During cell operation there is an upward flow in the space between electrode 1 and plate 6 and a downward flow in the space between cell rear wall 10 (shown as dashed line) and plate 6. Flow exchange occurs in space upper and lower end of the electrolyser. In a cell test, the prior art flat electrode with a total anode surface area of 2.7 m2 was replaced by an electrode according to the invention comprising 18 segments each having a surface area of the anode. 0.15 m2 electrode. Such a cell was operated with a current density of 3 kA / m2 and 6 kA / m2. The use of the electrolytic cell of the invention allows a reduction in cell voltage of 8 mV at a current density of 3 kA / m2 and approximately 16 mV at a current density of 6 mV. The above description is not to be construed as a limitation of the invention, which may be practiced according to different embodiments without departing from the scope thereof, and the extent of which is defined solely by the appended claims.
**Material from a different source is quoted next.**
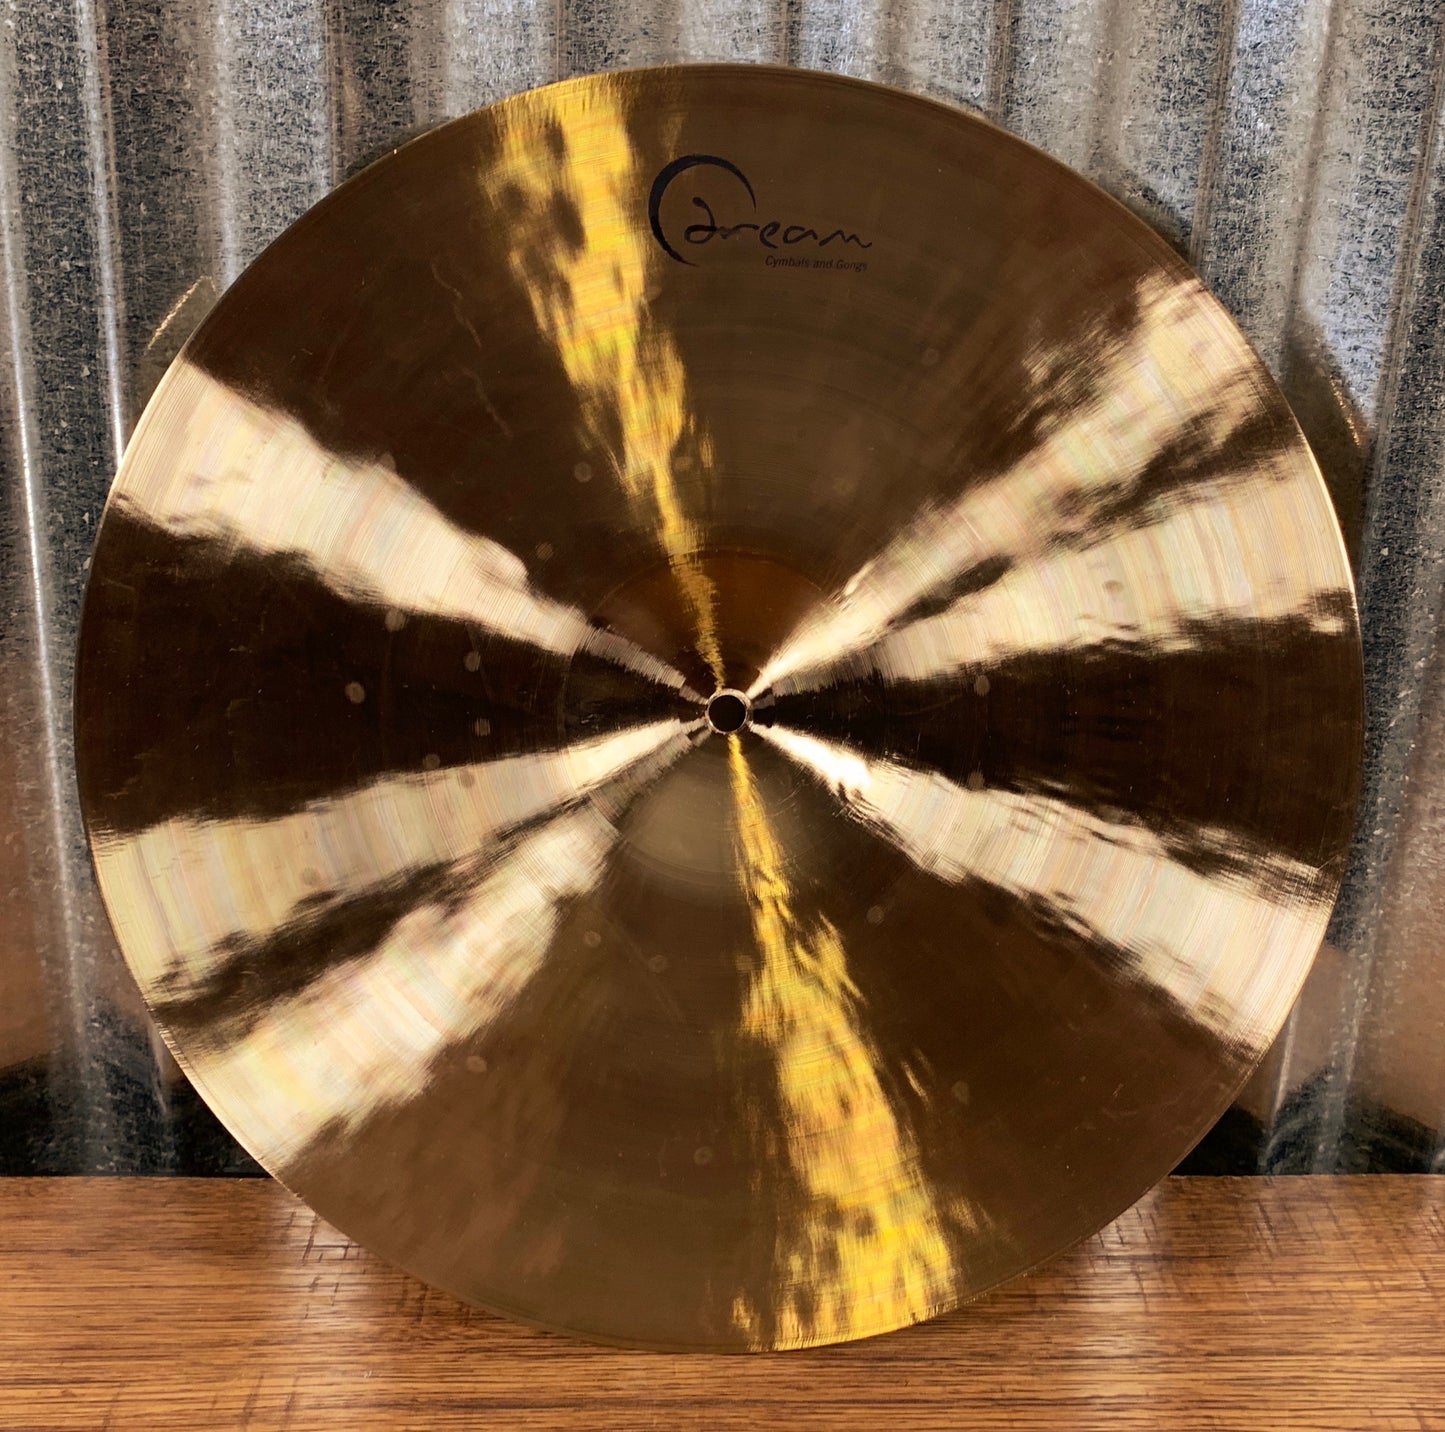 Dream Cymbals BCR16 Bliss Hand Forged and Hammered 16" Crash Demo

In the description and claims of the present application, the word "comprising" and variations thereof such as "comprising" and "containing" are not intended to exclude the presence of other additional elements or components.

Claims (7)

1. Electrolytic cell bounded by two semi-shells, each attached to an electrode (1) by means of a plurality of conductive strips (2), the electrodes (1) being an anode and a cathode having a membrane-separated main surface; characterized in that at least one of the electrodes (1) is composed of a multiplicity of electrode segments (A, B), each of said electrode segments being attached to at least one of said conductive bands (2) prior to attached to the respective half shell, said electrode segments (A, B) and said conductive strips (2) attached thereto being obtained as integral elements without joints from a single semi-finished part, and a plurality of shaped parts are placed between said bands (2) of the adjacent electrode segments (1) and at the transition margins between said electrodes (1) and said bands (2), comprising a first section located above the membrane and a second section. located between said lanes (2) in the state of construction. Cell according to claim 1, characterized in that each of said electrode segments (A, B) is attached to two of said conductive bands (2). Cell according to claim 1, characterized in that the conductive strips (2) are provided with feet (4) extending parallel to the main surface of said at least one electrode (1), said feet (4). ) being part of said integral elements without joints obtained from said semi-finished single piece, said feet (4) being welded to the respective half shell of the electrolytic cell. Cell according to claim 3, characterized in that said feet (4) are shaped into a tooth shape suitable to the opposite tooth profile of an adjacent electrode segment. Cell according to claim 3, characterized in that said feet (4) are curved along the entire length of the strip, and they are in a position parallel to the largest surface of said at least one electrode (1). ) and are positioned in the same direction. Cell according to claim 1, characterized in that said strips (2) are provided with a groove (5) in which at least one reinforcing plate (6) is inserted. Cell according to claim 6, characterized in that said groove (5) to accommodate said plate (6) is inclined up to 15 ° with respect to the electrode (1).